Les 27 fermiers mauriciens dont les exploitations avaient été réquisitionnées par le gouvernement zimbabwéen vont pouvoir regagner ses terres. L’Etat du Zimbabwe assurera la sécurité des Mauriciens mais ils n’auront le droit de posséder qu’une seule ferme. Au même titre que les autochtones.
Ils sont 27 Mauriciens (90 personnes en comptant les familles), propriétaires de fermes au Zimbabwe, et leur sort vient d’être fixé par le gouvernement d’Harare. Leurs propriétés avaient été saisies, en septembre dernier, dans le cadre de la politique autoritaire de redistribution des terres de Robert Mugabe. Elles viennent d’être rayées de la liste des fermes à redistribuer à la population autochtone. Alors que nombre d’entre eux avaient fui leurs exploitations, les fermiers mauriciens pourront donc revenir chez eux, » en toute sécurité » comme l’a déclaré M. Mudenge, ministre des Affaires étrangères du Zimbabwe.
Mais les fermiers sont sceptiques. » La plupart des Mauriciens n’a aucune confiance dans les autorités zimbabwéennes qui leur mentent depuis deux ans « , explique Benoît Lagesse, leur porte-parole, fermier dans le Masvingo. » Dernier exemple en date : le vendredi 18 octobre, le gouverneur du Masvingo nous a donné l’instruction de rentrer chez nous pour de bon mais le lundi suivant nous avons reçu de nouveaux ordres d’expulsion. »
Faire un choix
Pourtant, » les Mauriciens sont, comme les Zimbabwéens, des ressortissants de la SADC (Communauté de développement d’Afrique australe, ndlr) « , précise Patrice Curé, directeur des affaires bilatérales au ministère des Affaires étrangères mauricien. » Ils ont donc droit à une certaine protection de la part des autorités du Zimbabwe. » Résultat : les fermiers mauriciens seront traités comme leurs homologues zimbabwéens.

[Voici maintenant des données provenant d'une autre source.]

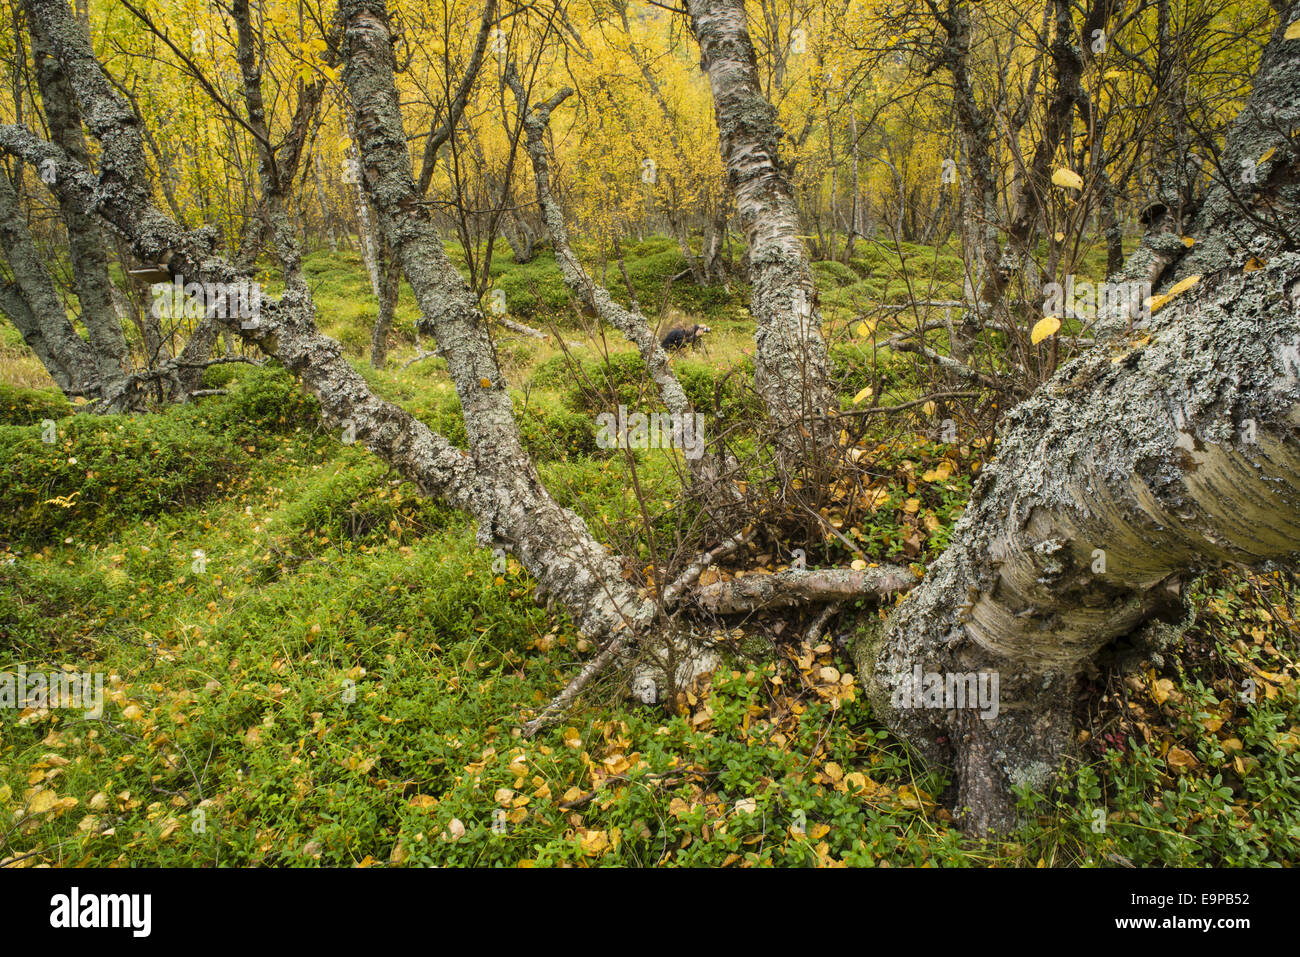 Le bouleau verruqueux (Betula pendula) habitat de forêt ancienne, avec des feuilles en automne, couleur, Skibotn Laponie, Norvège du Nord, septembre Banque D'Images
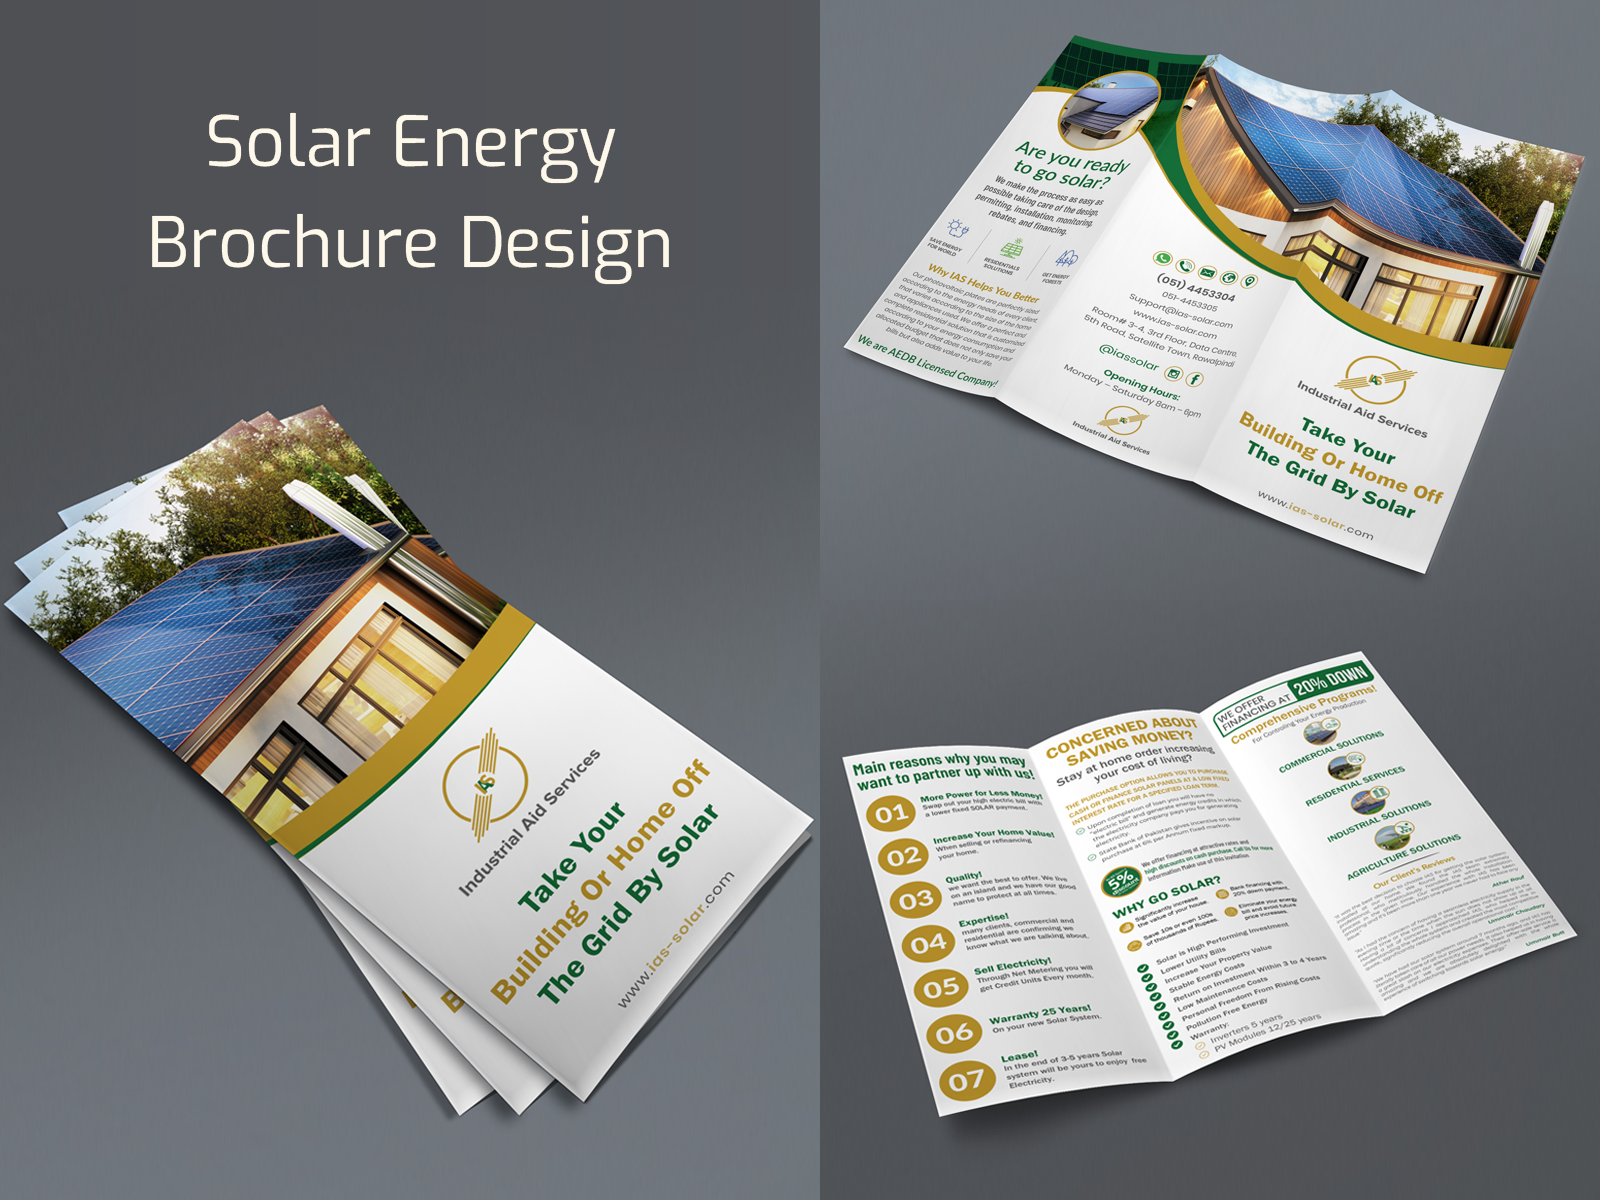 solar-energy-company-brochure-design-by-mahfujurrahm535-on-dribbble

Et ne sont autorisés à garder qu’une seule ferme s’ils en possèdent plusieurs. » Ils devront faire un choix parmi leurs exploitations « , indique Patrice Curé. » Dans ce genre de situation tendue, on ne peut pas donner 100% de satisfaction. La diplomatie mauricienne a tout de même réussi à défendre les intérêts de ses ressortissants sans pour autant s’immiscer dans les affaires intérieures du Zimbabwe. »
Du côté des fermiers mauriciens, les interrogations se bousculent. » Il n’y a aucune loi pour le moment qui stipule que les habitants du Zimbabwe n’ont pas le droit de posséder plus d’une seule ferme. Si le gouvernement va jusqu’à changer la loi de la propriété agricole, quelle surface peut-on garder ? Est-ce-que chaque membre d’une même famille peut garder une ferme à son nom ? Nous ne savons rien pour le moment et nous refusons de donner nos exploitations, et les investissements en temps, en argent et en énergie qu’elles représentent, au gouvernement sans aucune compensation « , assure Benoît Lagesse.

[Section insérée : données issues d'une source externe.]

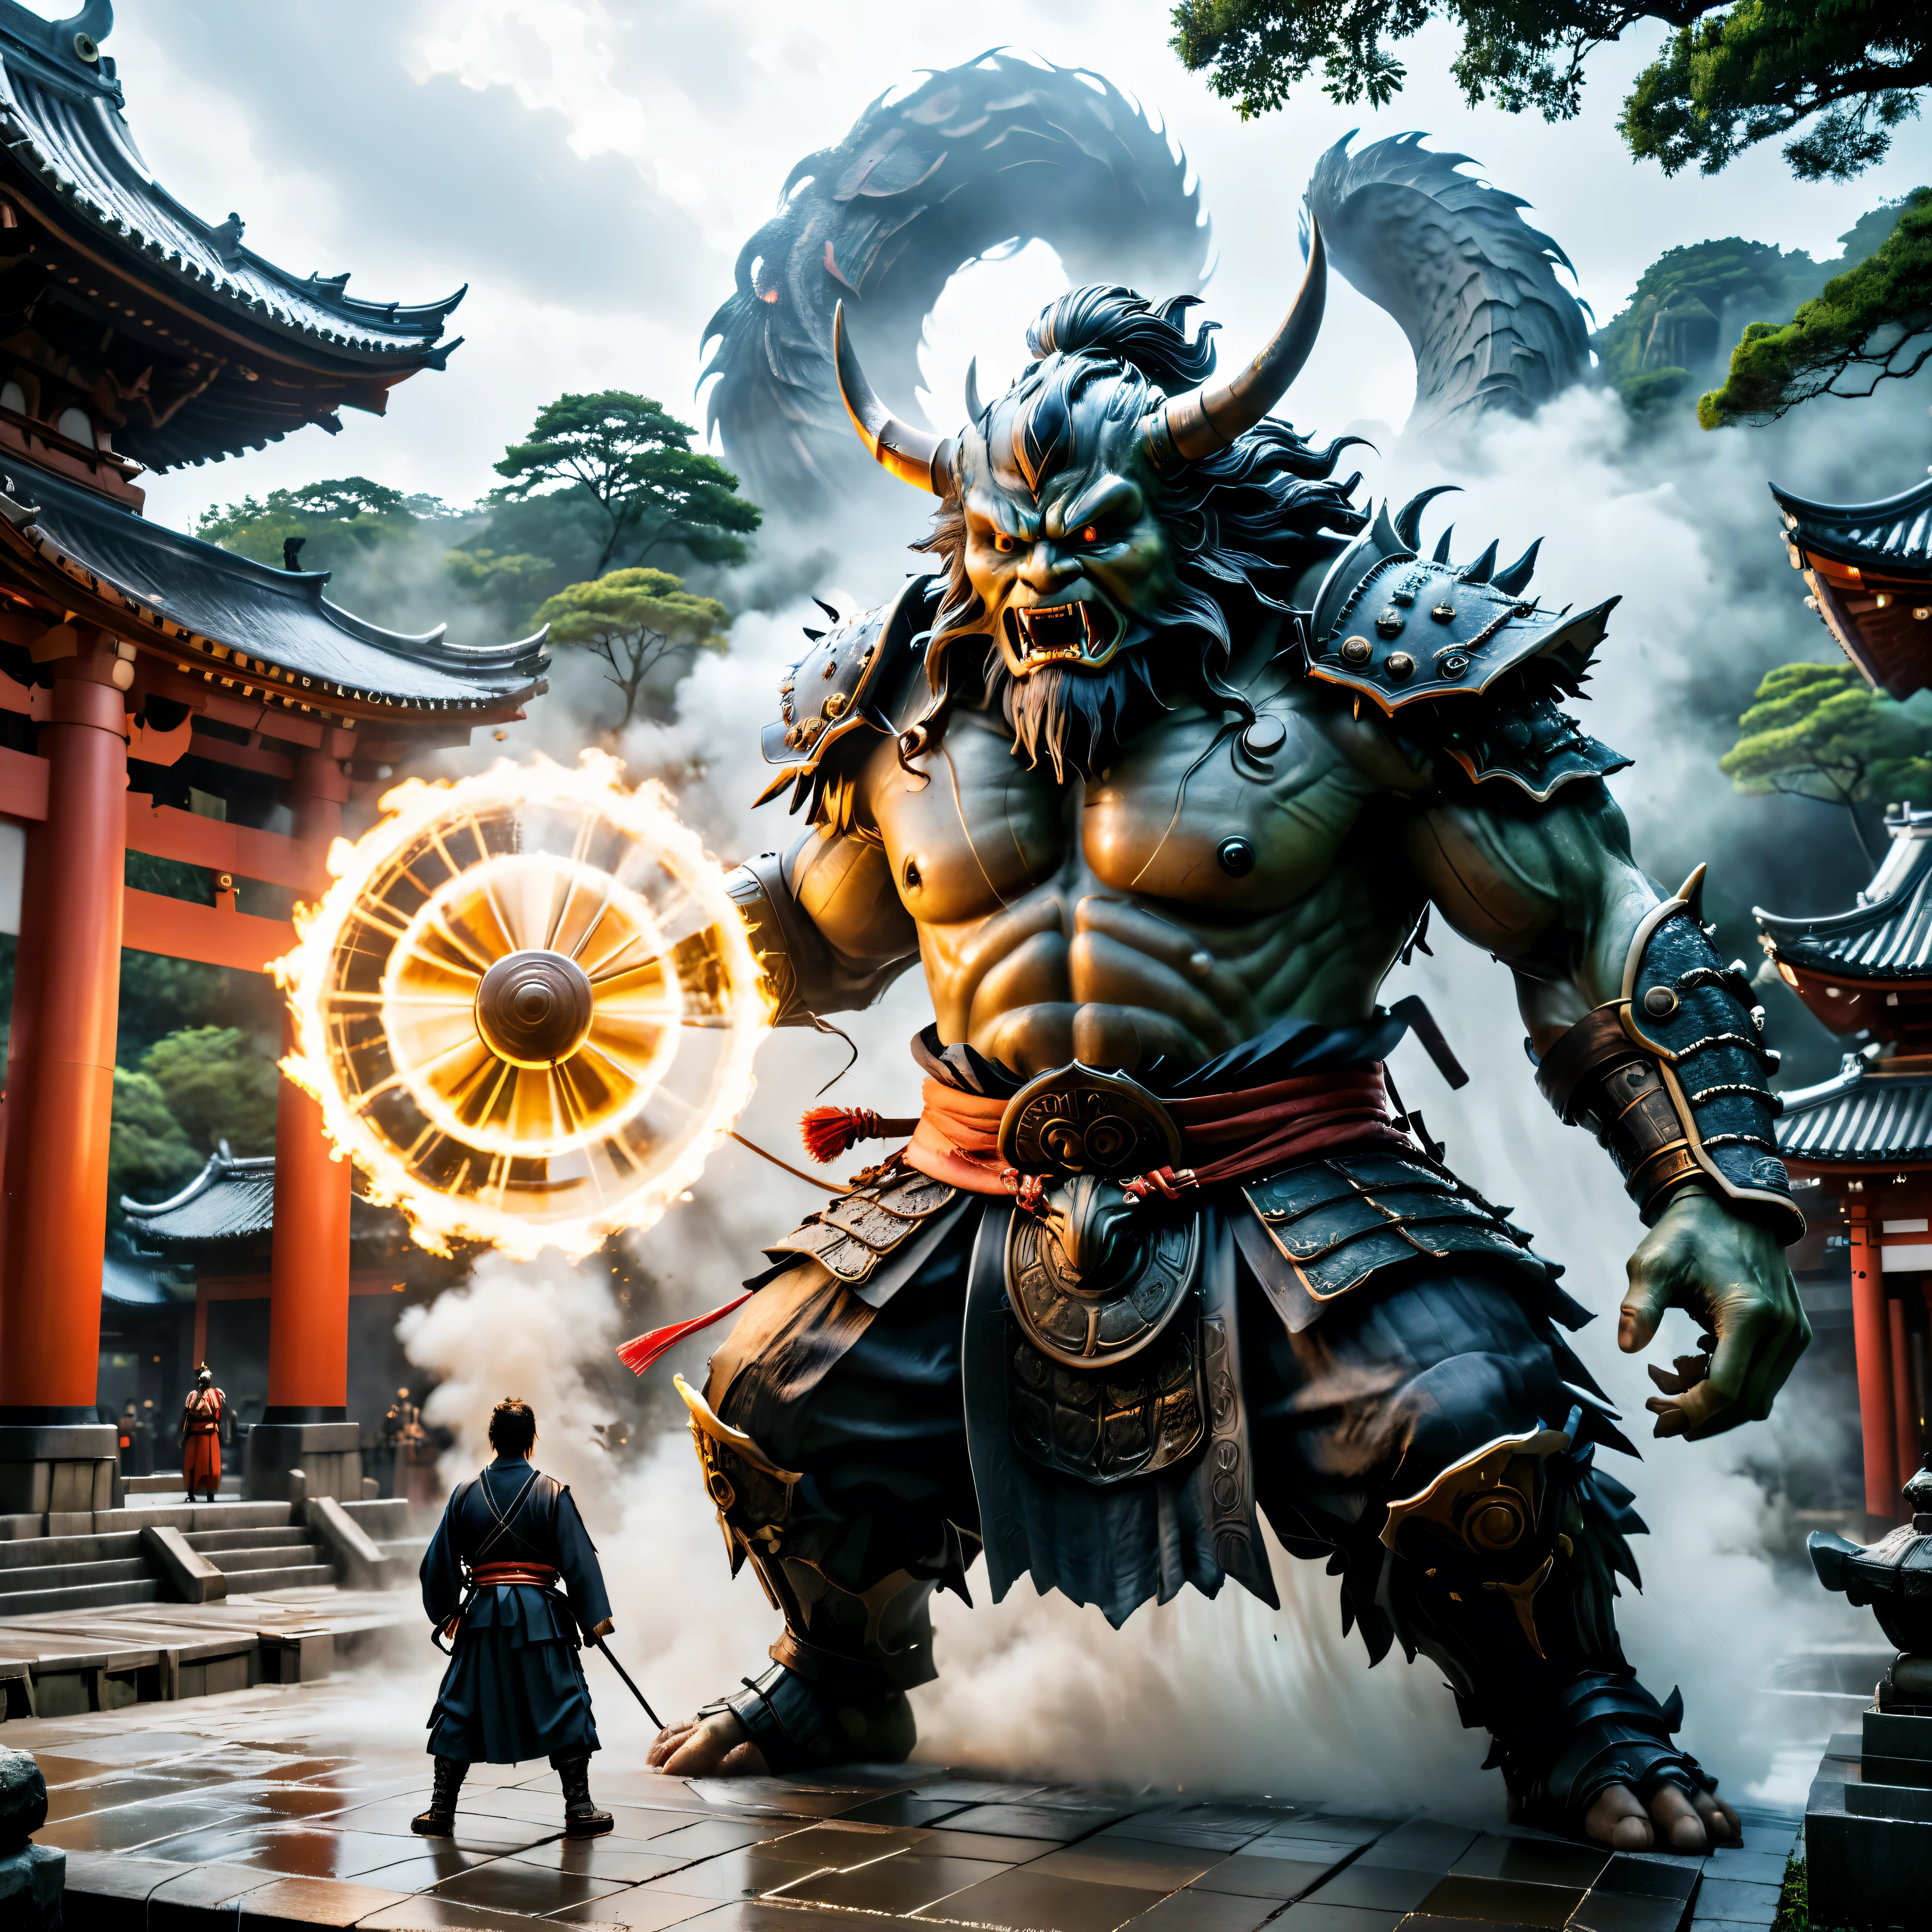 ((Obra maestra en resolución máxima de 16K):1.6),((suave_color_fotografía:)1.5), ((ultra detallado):1.4),((Imágenes fijas tipo película y ángulos dinámicos):1.3),((escena del enfrentamiento final):1.1) | (Cinematic photo of a samurai facing a a yokai monster at a temple), (lente cinemática), (samurai), (a yokai), (brillar), (Efecto Tyndall), (experiencia visual), (Realism), (Realista), gráficos premiados, tiro oscuro, grano de la película, extremadamente detallado, arte digital, RTX, Motor irreal, concepto de escena efecto antideslumbrante, Todo capturado con un enfoque nítido.

Pas de poursuites judiciaires
Dans le cadre des relations diplomatiques cordiales entre l’Ile Maurice et le Zimbabwe, la vingtaine de familles mauriciennes qui avaient refusé d’abandonner leurs propriétés au moment ou l’Etat zimbabwéen réquisitionnait les terres ne seront pas poursuivis judiciairement. Pour autant, ces derniers disent » avoir peur « . » Nous sommes en colère et prêts à défendre nos droits « , insiste le porte-parole.
L’immigration des fermiers mauriciens remonte aux années 55-65. Employés dans l’industrie sucrière locale, ils sont restés et ont acheté des propriétés qu’ils ont aujourd’hui transmises à leurs enfants. Les trois-quarts sont de petites exploitations de 120 à 200 hectares. Il y a quelques grandes firmes de 2 000 à 7 000 hectares et deux dépassent les 17 000 hectares. Elles concernent la canne à sucre, les agrumes, les légumes, le blé, le soja, le tabac, le maïs, les fleurs ou encore les noix. Quinze fermes se répartissent 7 100 ha de café, dont 2 800 ha ont déjà été donnés au gouvernement zimbabwéen. Cinq ranchs, sur une surface totale de 34 000 ha (dont 17 000 déjà cédés) sont consacrés au bétail et à des safaris.